EXERCISE DATA>
##########

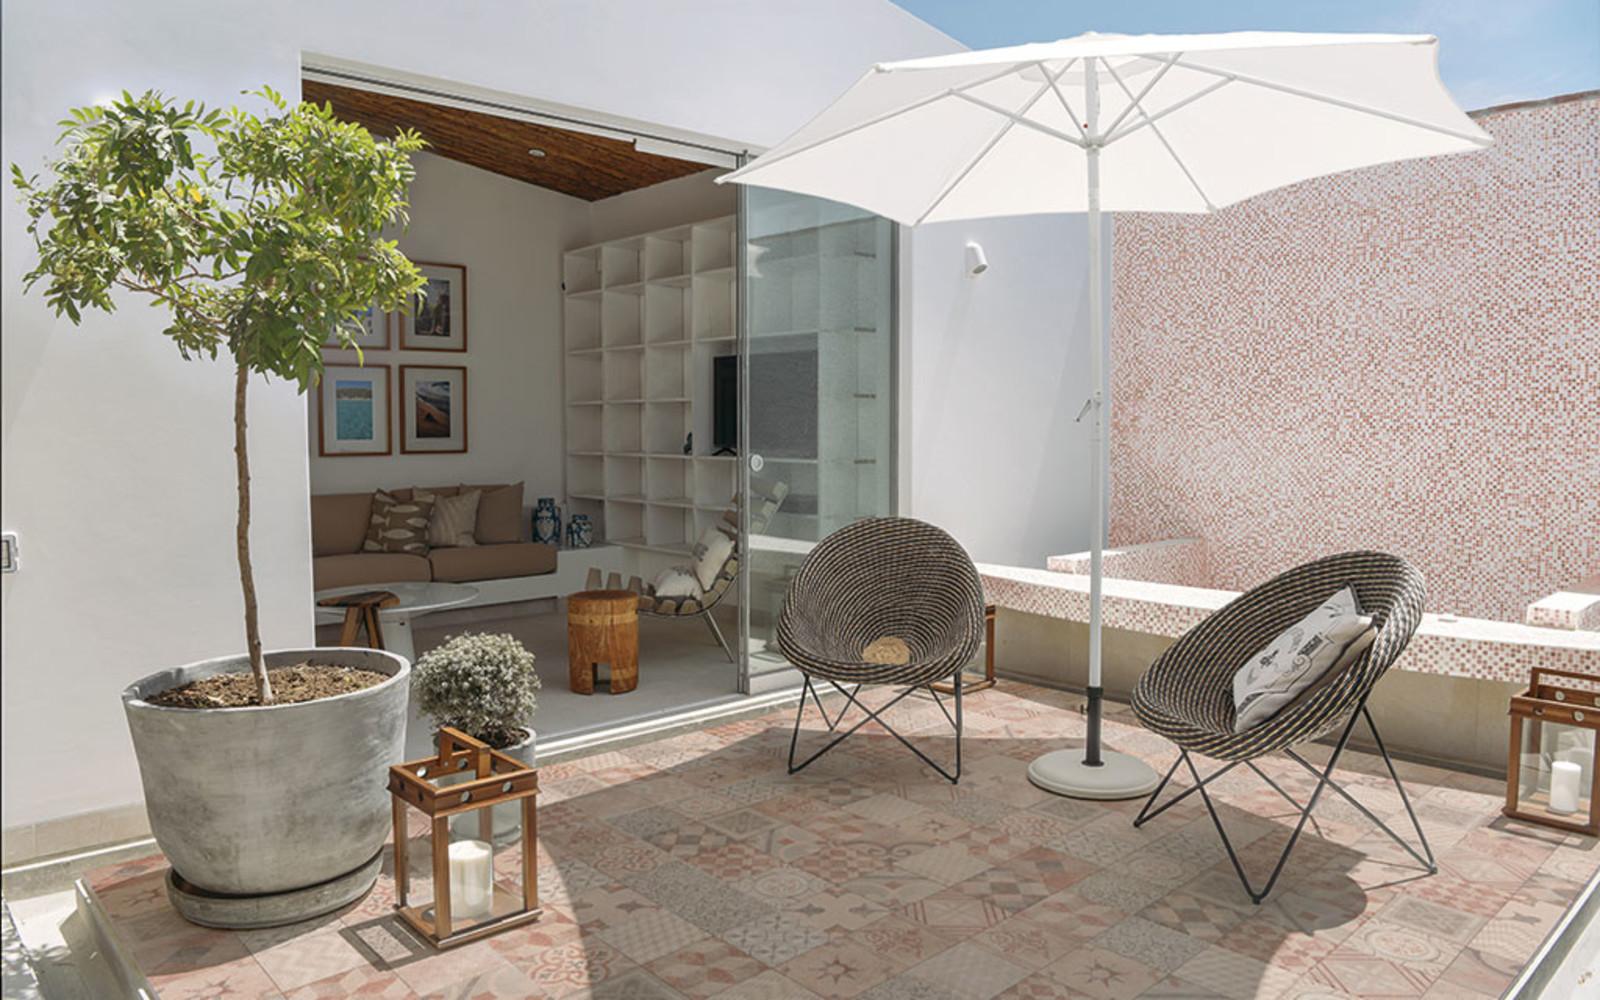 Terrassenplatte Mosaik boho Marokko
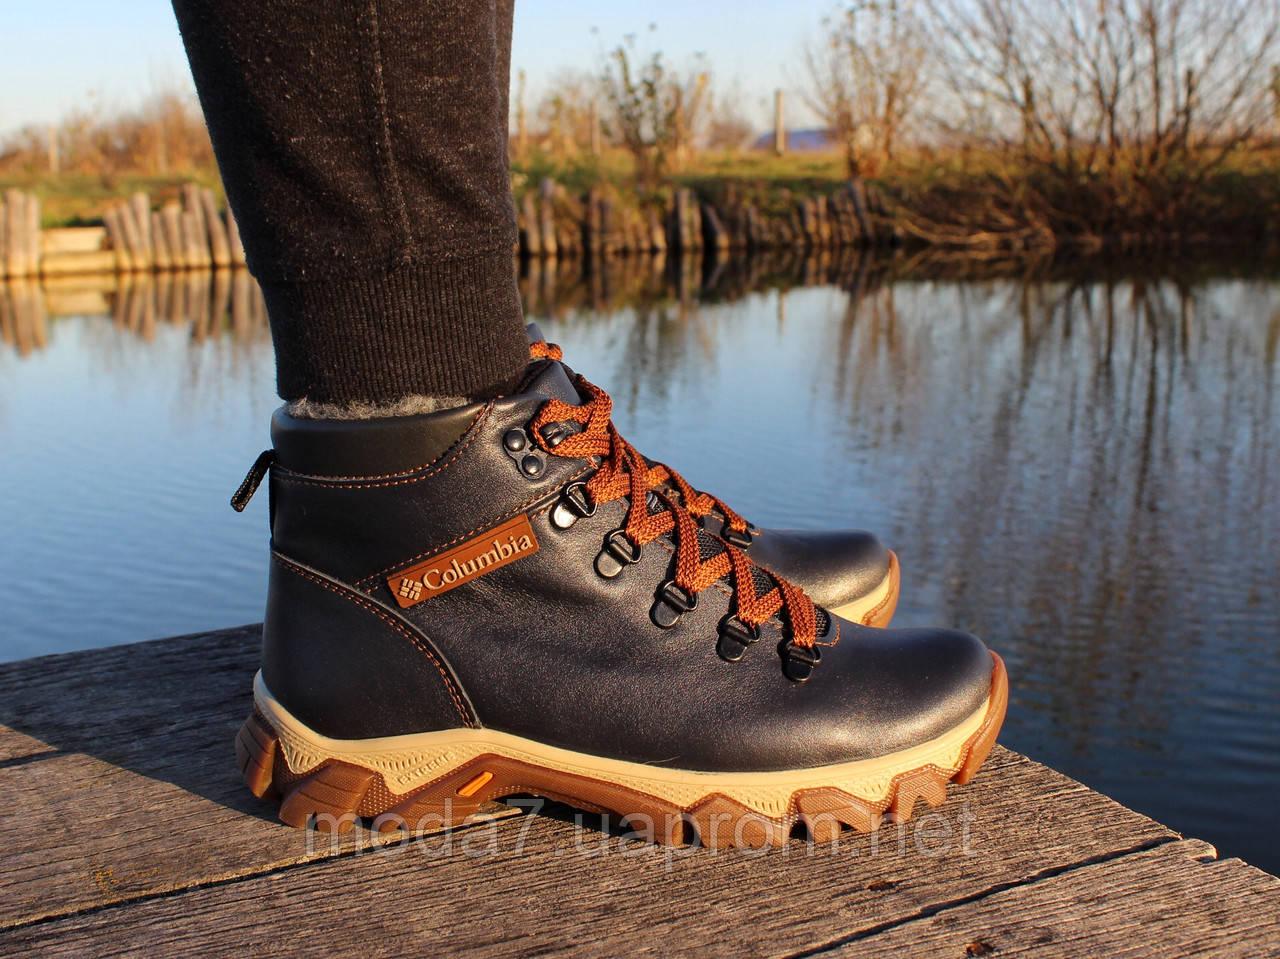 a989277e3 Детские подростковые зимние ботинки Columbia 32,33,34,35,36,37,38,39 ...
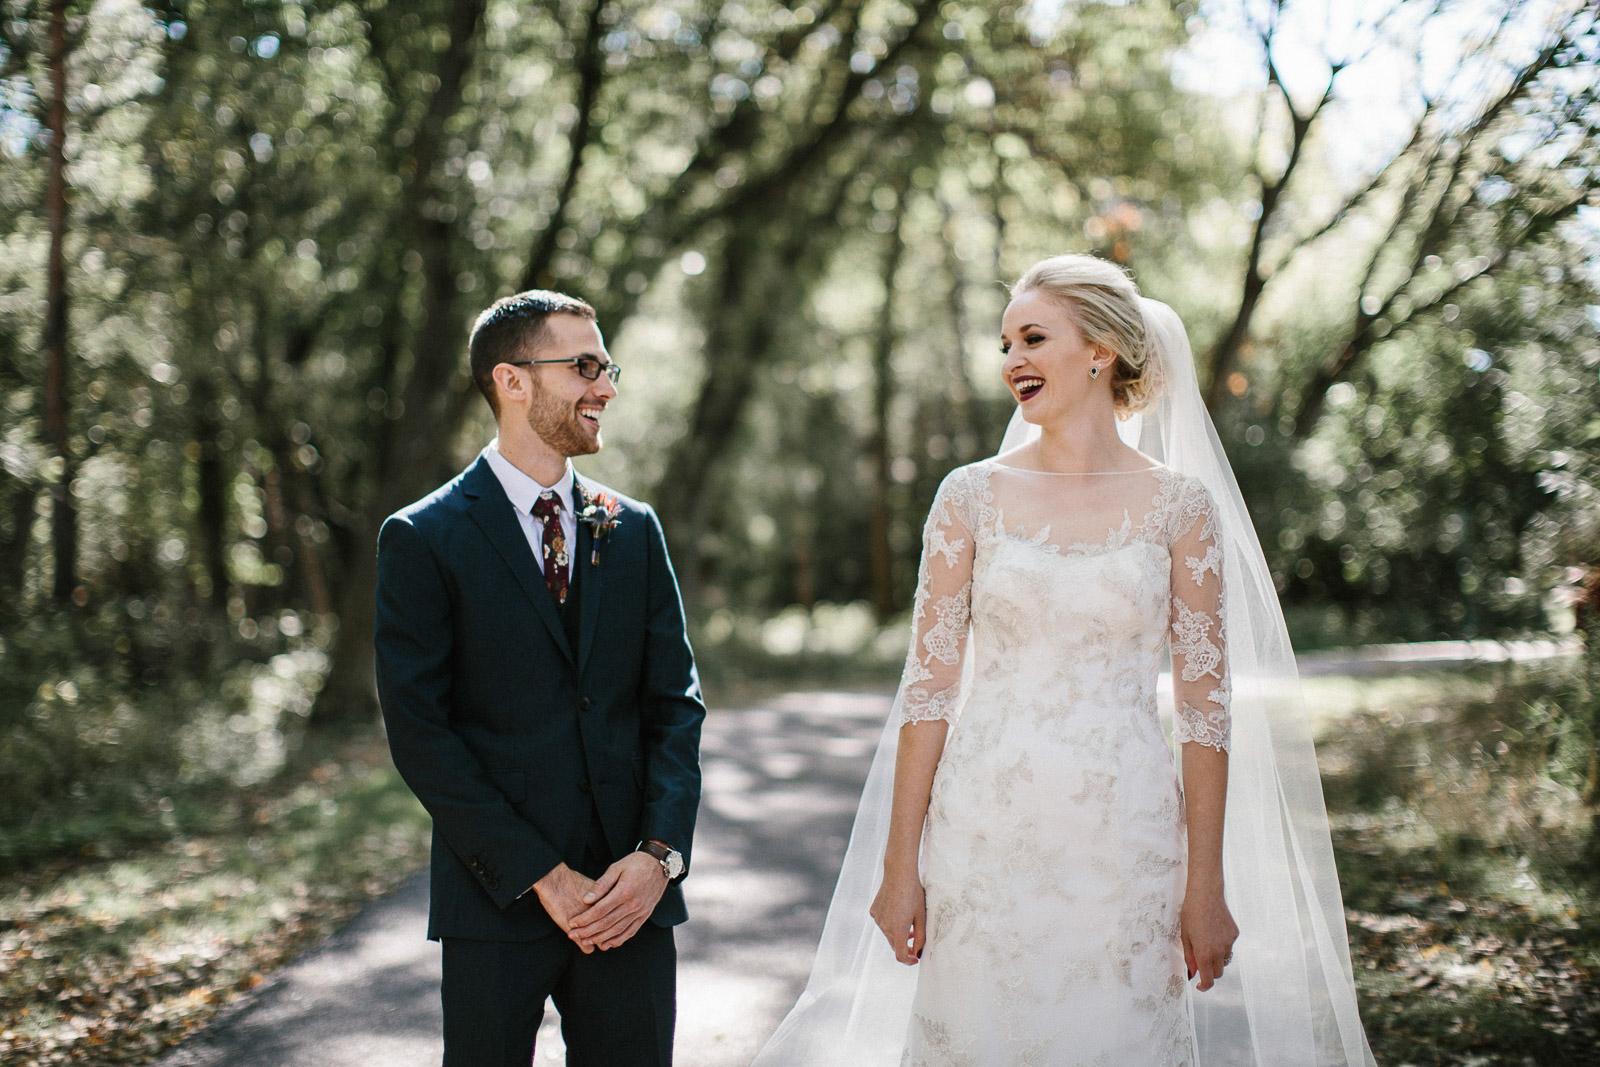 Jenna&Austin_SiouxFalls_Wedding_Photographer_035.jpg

##########

WHAT YOU NEED TO DO>
Copy out all the data above exactly as written. Skip the pictures.

RESPONSE FOR THIS EXERCISE>
 Terrassenplatte Mosaik boho Marokko
 a989277e3 Детские подростковые зимние ботинки Columbia 32,33,34,35,36,37,38,39 ...
 Jenna&Austin_SiouxFalls_Wedding_Photographer_035.jpg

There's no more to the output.